DATA TO USE.
◆ ◆ ◆ ◆ ◆ ◆ ◆
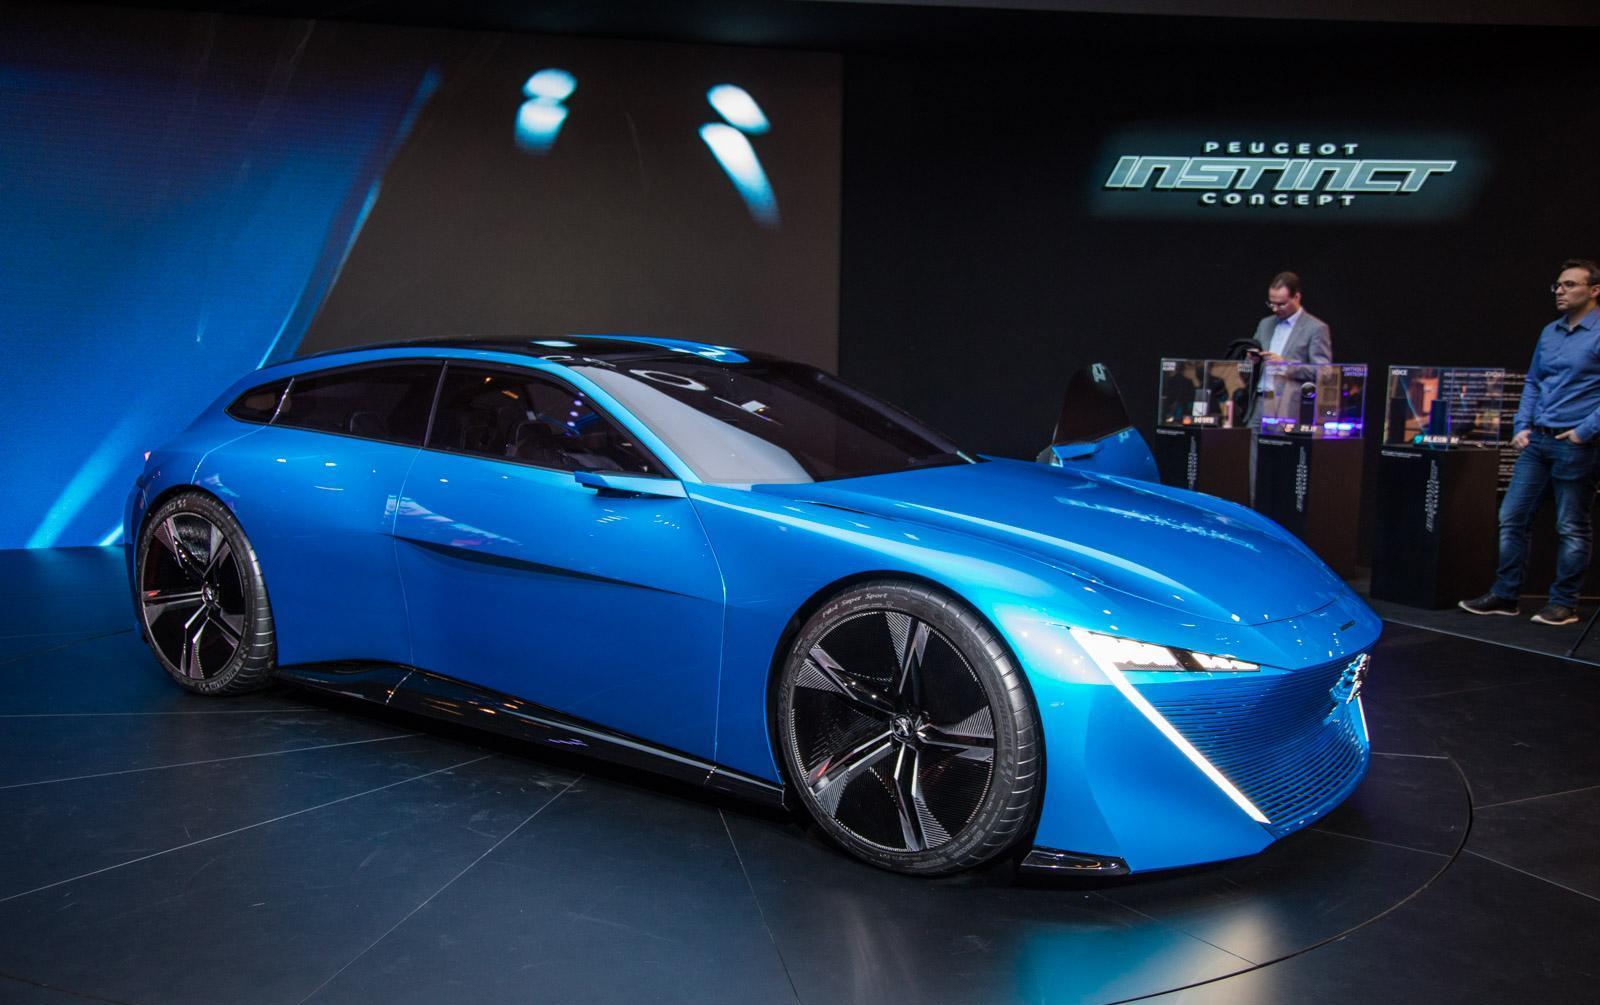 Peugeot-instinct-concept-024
◆ ◆ ◆ ◆ ◆ ◆ ◆
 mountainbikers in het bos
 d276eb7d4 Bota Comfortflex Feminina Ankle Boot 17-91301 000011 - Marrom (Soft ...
◆ ◆ ◆ ◆ ◆ ◆ ◆
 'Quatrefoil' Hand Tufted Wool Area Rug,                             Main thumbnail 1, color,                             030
◆ ◆ ◆ ◆ ◆ ◆ ◆
The output should be exactly the lines above from the line containing "mountainbikers in het bos" to the line containing "d276eb7d4 Bota Comfortflex", inclusive, with no other lines.

OUTPUT FOR THIS TASK.
 mountainbikers in het bos
 d276eb7d4 Bota Comfortflex Feminina Ankle Boot 17-91301 000011 - Marrom (Soft ...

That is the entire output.